As countries wrangle in the OECD and the UN to reform international tax rules, two tax heads told an audience at the ITR’s Managing Global Tax Disputes Summit at the Pullman St Pancras Hotel, London, that countries would do better to fund their tax authorities to process their backlog of work than to ambitiously seek consensus on new procedures.
One said their company had even resorted to lobbying their government to increase funding to the tax authorities in order for their cases to be processed. “As a company, we had to lobby with the ministry to get more resources at the level of the competent authorities, to make sure that our cases didn’t conclude after the date was actually passed! That’s how crazy it is, in the harsh reality,” said the tax head.
“My team consists of five people, and the only thing we’re doing, in 75 countries, is running around the world and meeting authorities,” the tax head continued.

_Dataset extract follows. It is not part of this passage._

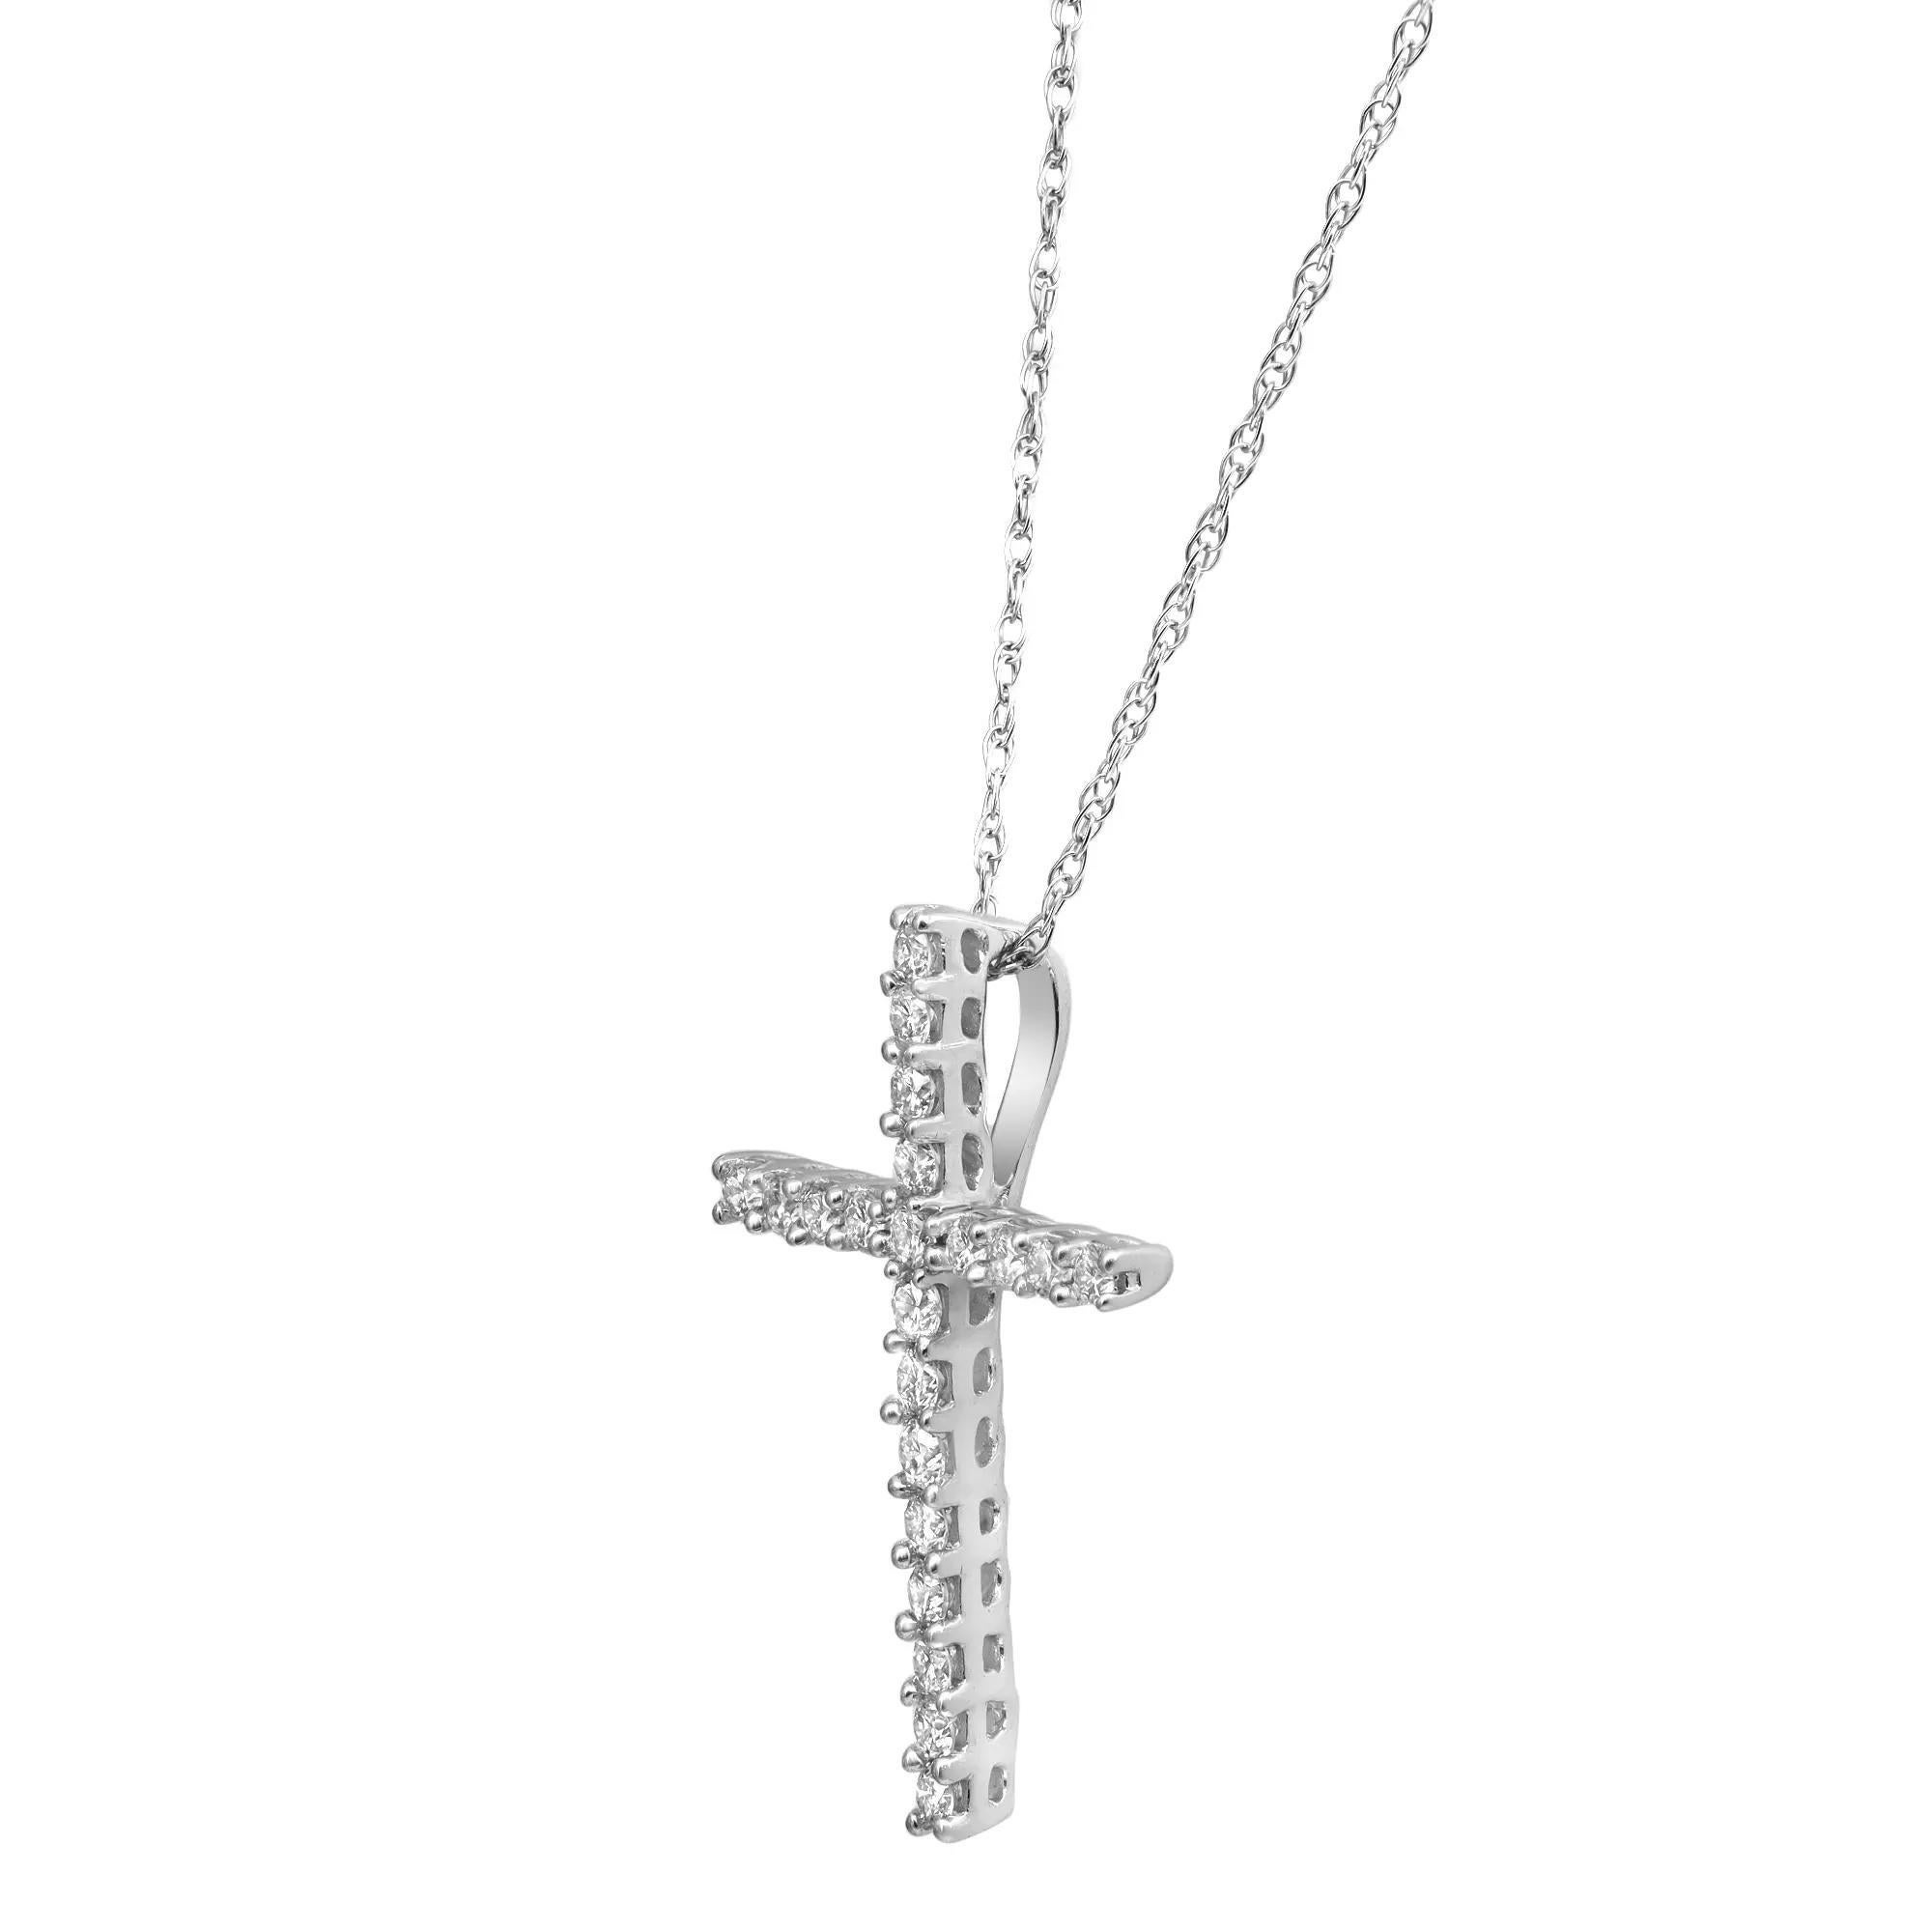 This gorgeous diamond cross pendant is encrusted with 22 round brilliant cut diamonds weighing 0.25 carat. The Diamonds are very sparkly and of high quality beautifully set in a prong setting. Diamond color H-I Color and VS-SI Clarity. Crafted in

“We push them to meetings, because, if you don’t do that, it’s a paper case that sits somewhere in a drawer,” they said. “So what we need as a trade is maybe not a further strengthening of the framework – which is so nicely, and, all compliments, academically, it’s all very good.”
“The problem is the reality, which is that we meet on a weekly basis; the authorities, which are driven by anything else than sound and academic approach to the case. In other words, any APA [advance pricing agreement] or MAP [mutual agreement procedure] case, at a certain moment in time – and it could take years – always ends up in what we call a ‘second-hand car purchase negotiation’. Everything is set, all the technical elements have been exchanged; we agree that we disagree. And then what?”
Measures to achieve certainty have ‘limitations’
A tax chief at another company, meanwhile, suggested the last-ditch measure already in place to enable companies and governments to reach tax certainty – the mutual agreement procedure (MAP) – is not available to companies in all the circumstances where they need it.
“MAP has some limitations,” the tax head said.
“The current tax treaties work well if the adjustment is in the country where you’re tax resident; it doesn’t work so well if you’re in the country where you’re not tax resident. For example, you can have a very significant permanent establishment where it’s not clear that you actually have entitlement to MAP in that country.”
Getting access to MAP depends on the goodwill of the individual tax authority, they said. “The UK does generally give it to you. But you can see some tax authorities being stroppy and actually denying it.”
Nor do advance pricing agreements (APAs) offer a perfect solution to taxpayers and authorities.
“There are some downsides [with APAs]”, the tax head said, “If it’s unilateral, you have to disclose it in your [country-by-country] report. You potentially have the ruling disclosed, if it is treated as a ruling in the EU.”
The first tax head again placed the blame on budget constraints for the tax authorities. “These governmental departments are not able to handle it in the same way as they are not able to handle MAP and APA cases. They just don’t have the resources for it!”
‘More audits’
The same resource constraints that are preventing tax authorities from completing cases are encouraging them to open more audits, one tax head suggested.
“We are experiencing more audits in more countries on a more regular basis, and the driver for this is that a lot of countries have got fairly awful finances at the moment and they want more money,” they said.
Lack of resources also means that countries are more likely to disagree about profit allocation, and less likely to reach an agreement on new profit-allocation and nexus rules. “If they all want more money, that doesn’t quite fit with them all agreeing, sitting down nicely and agreeing, ‘This is my share and this is your share and it all equals 100%,’” said one attendee.
The tax director of a multinational company expressed scepticism about the idea of joint audits, conducted by multiple tax authorities working together, to achieve certainty and avoid double taxation.
“If there are joint audits, do you just simply move at [the pace of] the slowest tax authority?” they asked.
“And does that mean, as the head of tax, when you go in to see your CFO, your head of global tax, your annual review, and they say, ‘Why is it you’ve got this mega-audit and it hasn’t been settled after so many years?’ You’re basically saying, ‘Well, because I’m still waiting for the tenth tax authority to get in line.’”
“You end up putting your own personal bonus at risk,” the tax head concluded.